Tomi Rajala and Harri Laihonen
The purpose of this paper is to propose a definition for dialogic performance management and investigate the managerial choices that dialogic performance management…
Abstract
Purpose
The purpose of this paper is to propose a definition for dialogic performance management and investigate the managerial choices that dialogic performance management necessitates from public managers.

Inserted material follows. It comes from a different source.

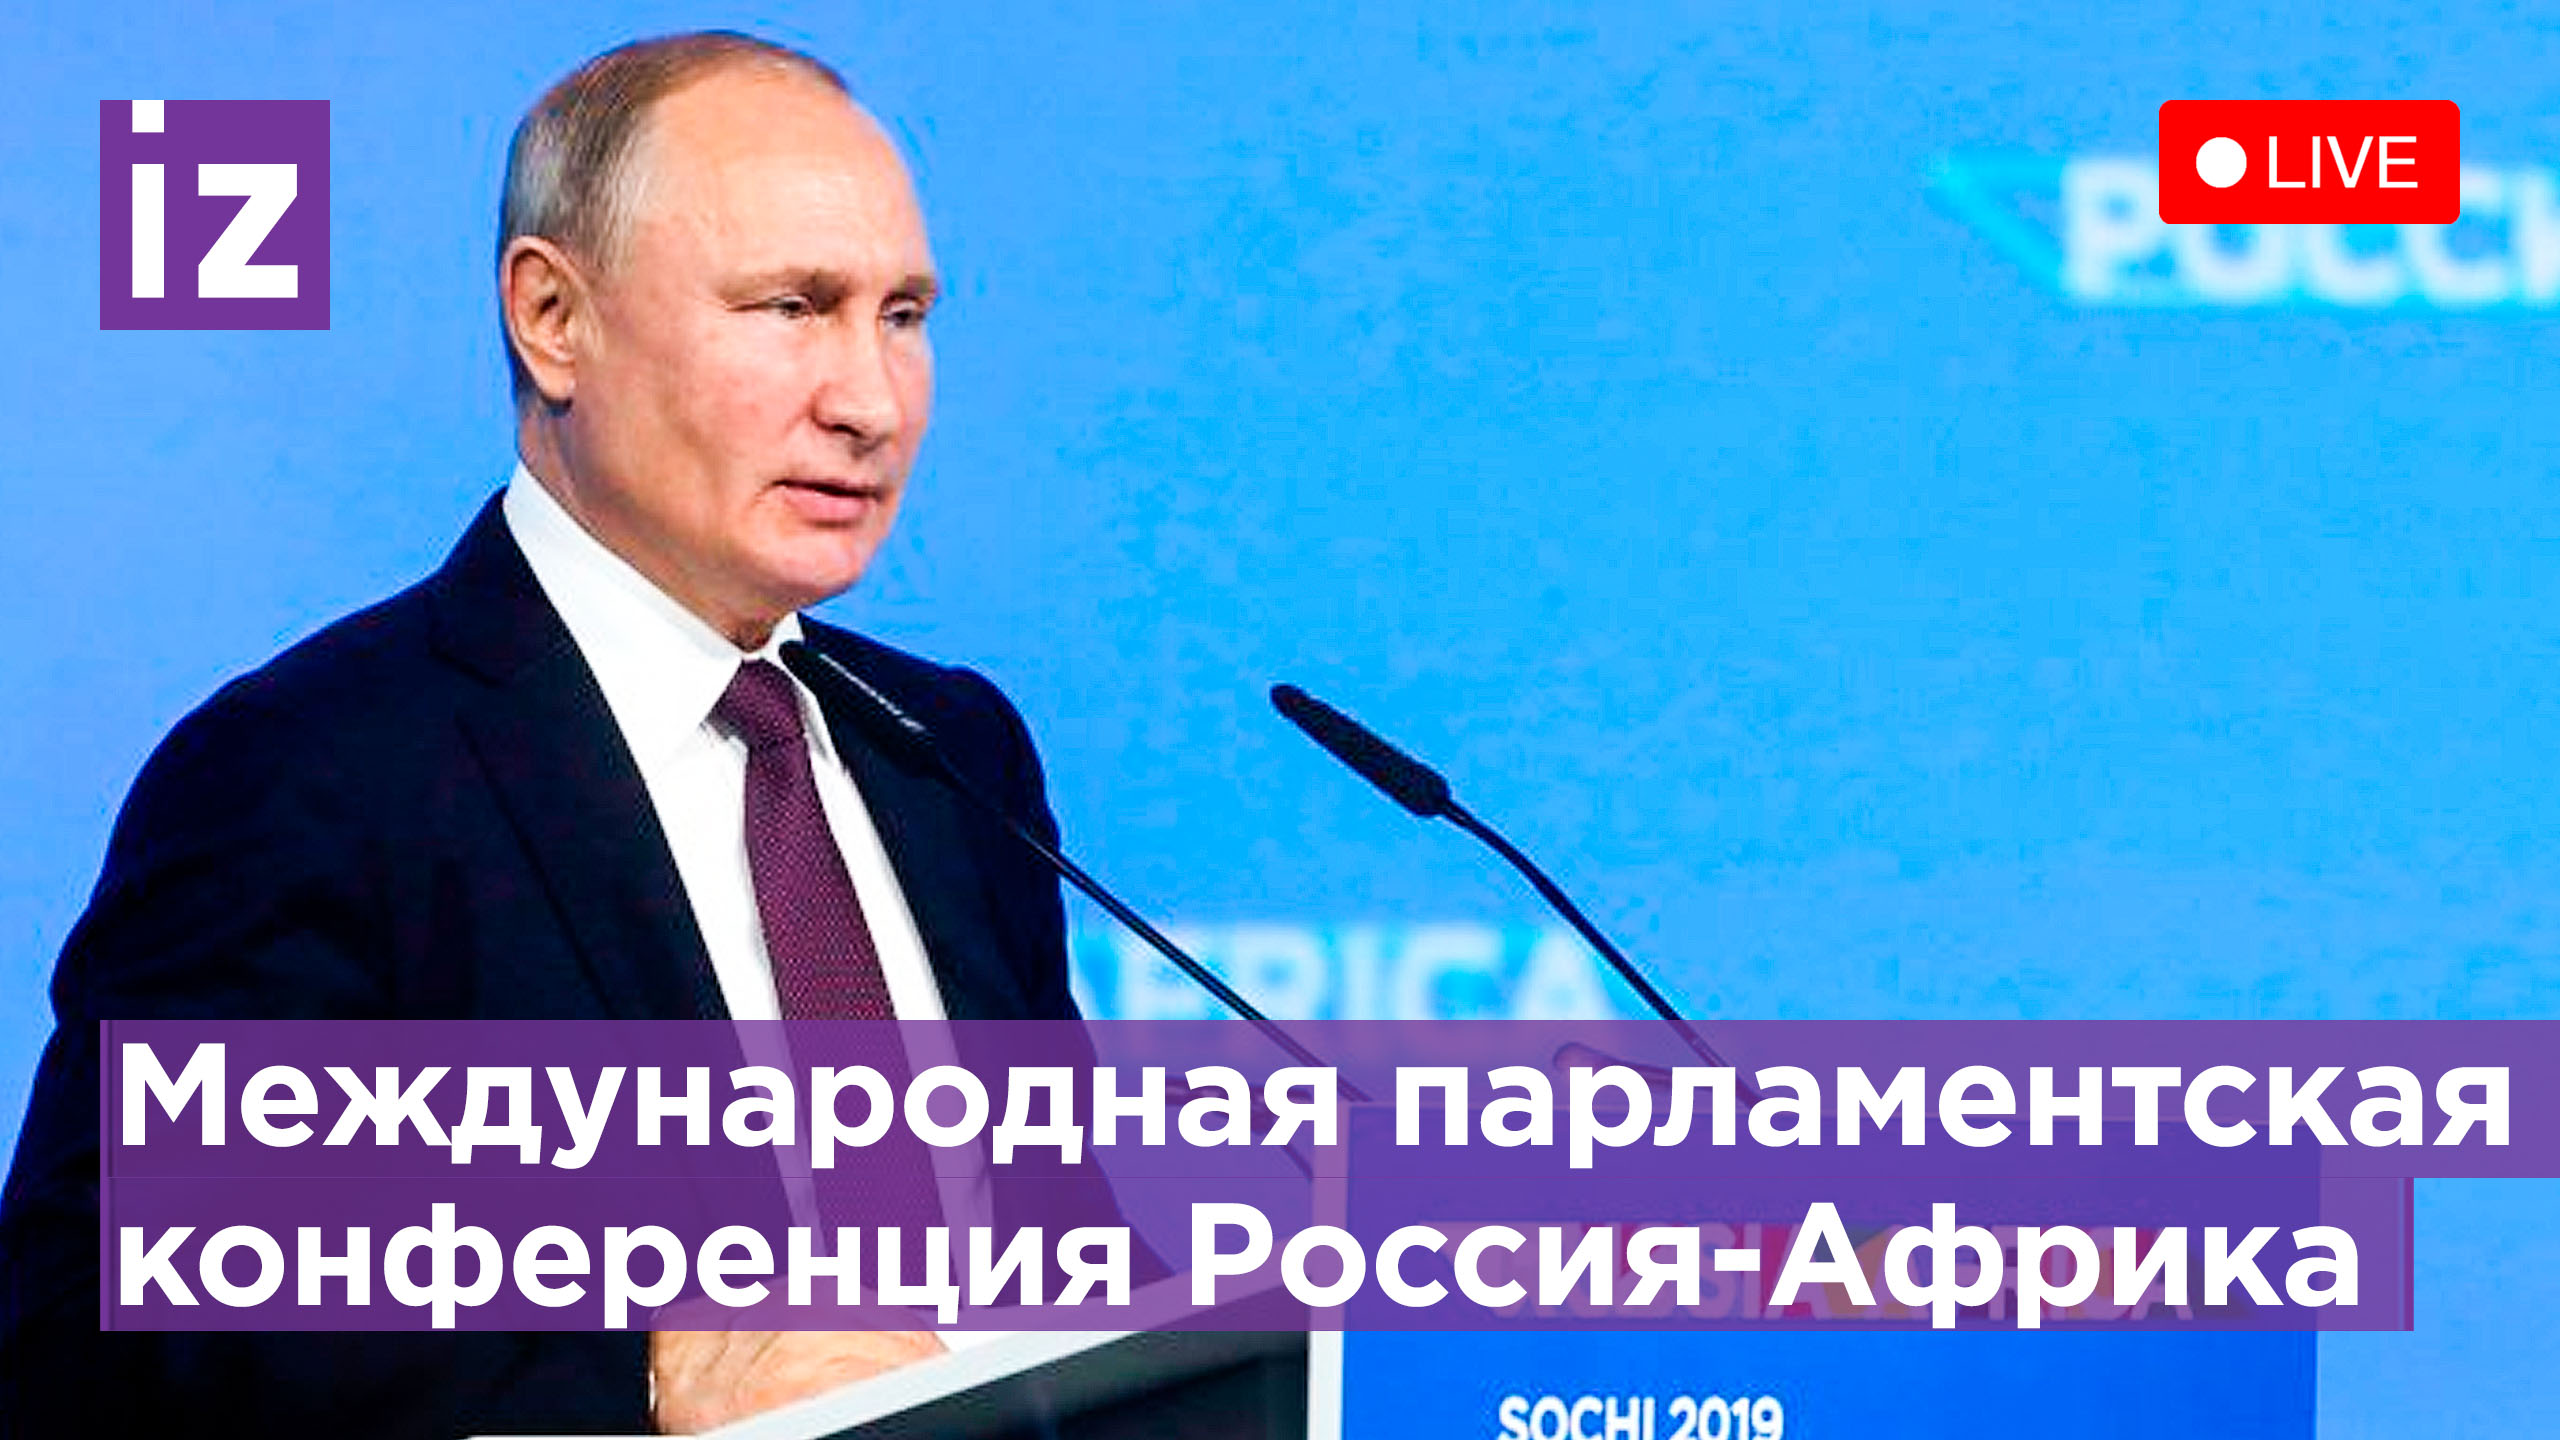 Владимир Путин на второй Международной парламентской конференции Россия-Африка. Прямая трансляция

Design/methodology/approach
The research strategy was based on a narrative analysis grounded in relativism and constructivism. Multiple data collection methods were used in this case study to examine a local government in Finland.
Findings
The paper proposes a definition and provides practical illustrations of the concept of dialogic performance management. The empirical findings are a set of managerial choices used to orchestrate dialogic performance management.
Practical implications
The concept of dialogic performance management encourages practitioners to ask themselves whether their current performance management practices are based on managerial monologues, rather than dialogues that incorporate staff into the performance management. The results also show that managerial choices shape the form of dialogic performance management.
Originality/value
The previous accounting and performance management literature has not examined the managerial choices that are used to shape dialogic performance management. In this research, the authors identify these types of managerial choices in the case organisation. The research is valuable because only after explicating managerial choices can one start to examine why dialogic performance management either fails or succeeds when public managers orchestrate it.